- [Task]: Retype, exactly as they appear below, the lines between the line holding "Anita Bean 4ª edición" and the line holding "BRIGHT WHITE >", both ends included.

- [Material provided]:
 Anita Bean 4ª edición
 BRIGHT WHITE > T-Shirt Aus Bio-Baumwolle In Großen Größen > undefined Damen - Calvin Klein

...

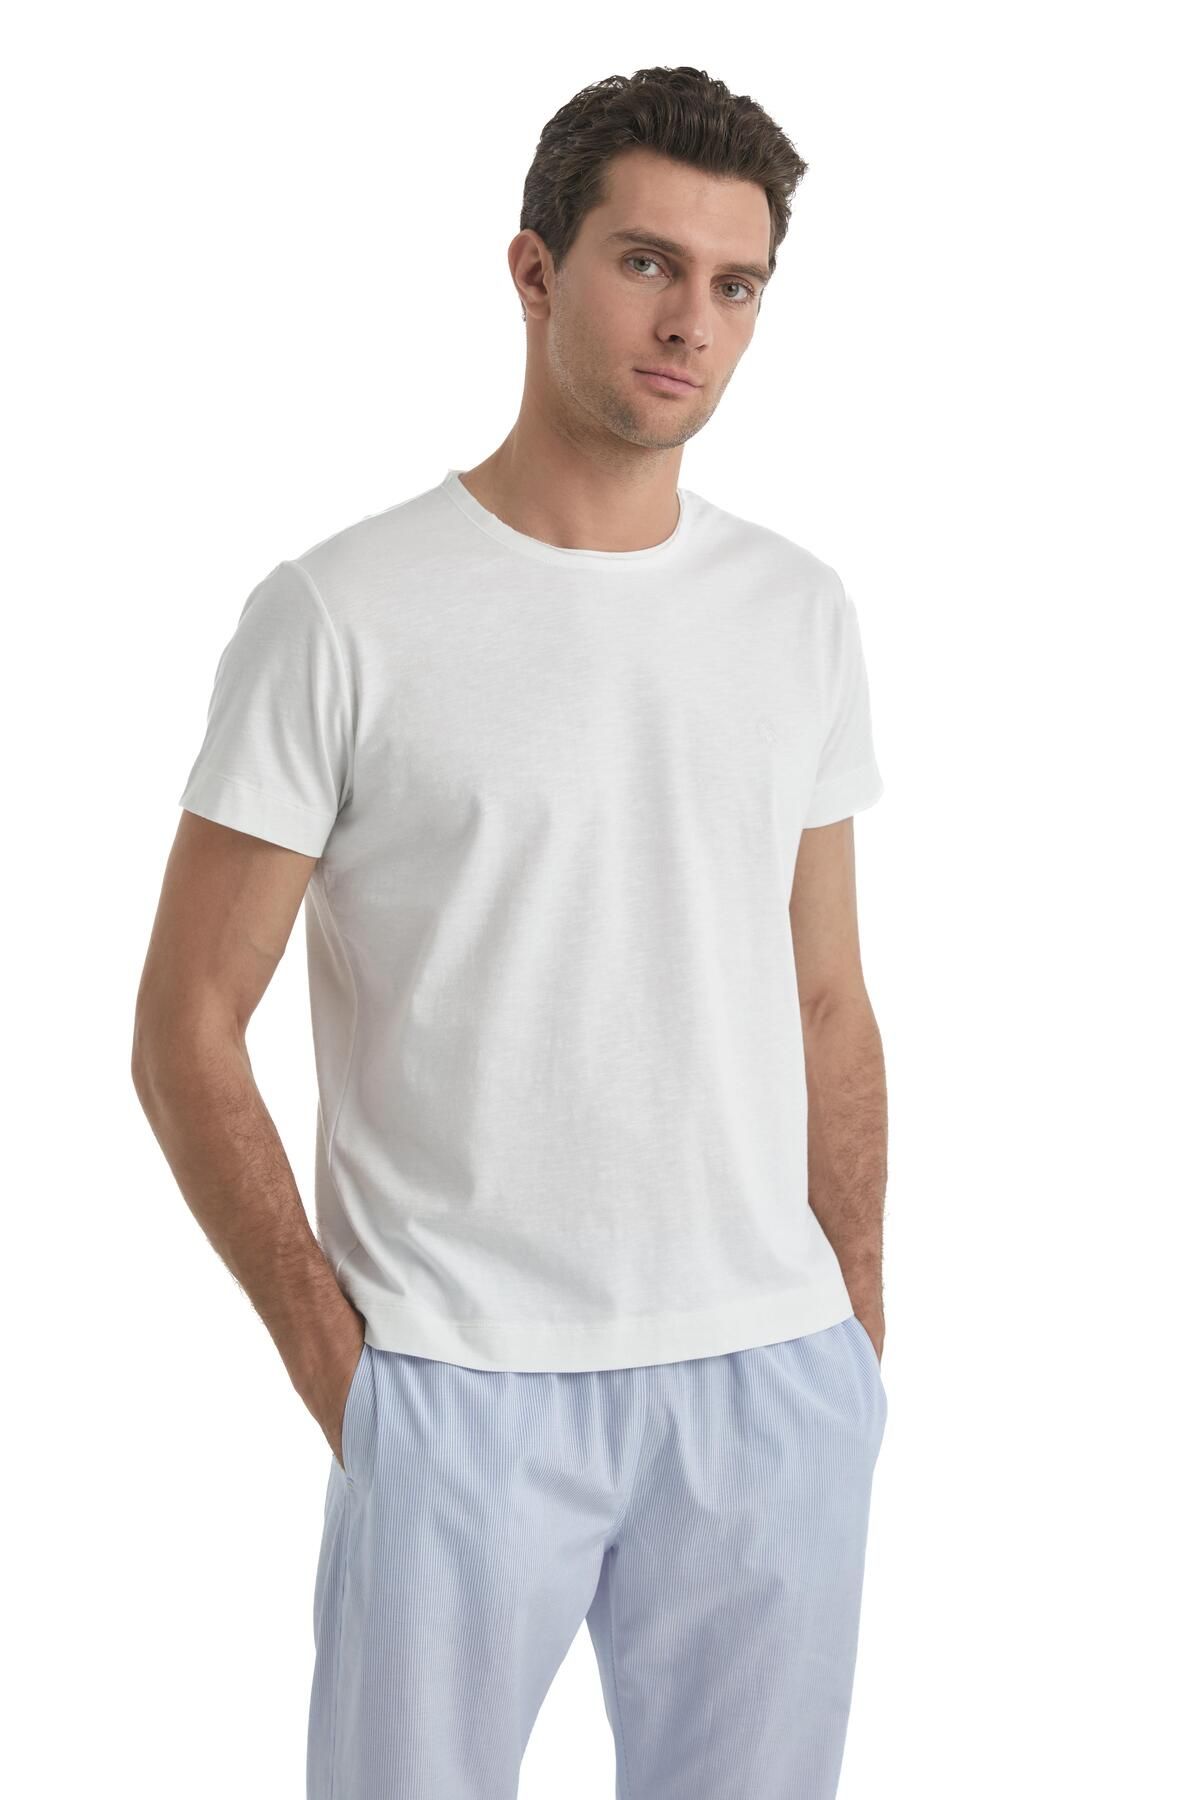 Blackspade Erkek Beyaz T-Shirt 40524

- [Task result]:
 Anita Bean 4ª edición
 BRIGHT WHITE > T-Shirt Aus Bio-Baumwolle In Großen Größen > undefined Damen - Calvin Klein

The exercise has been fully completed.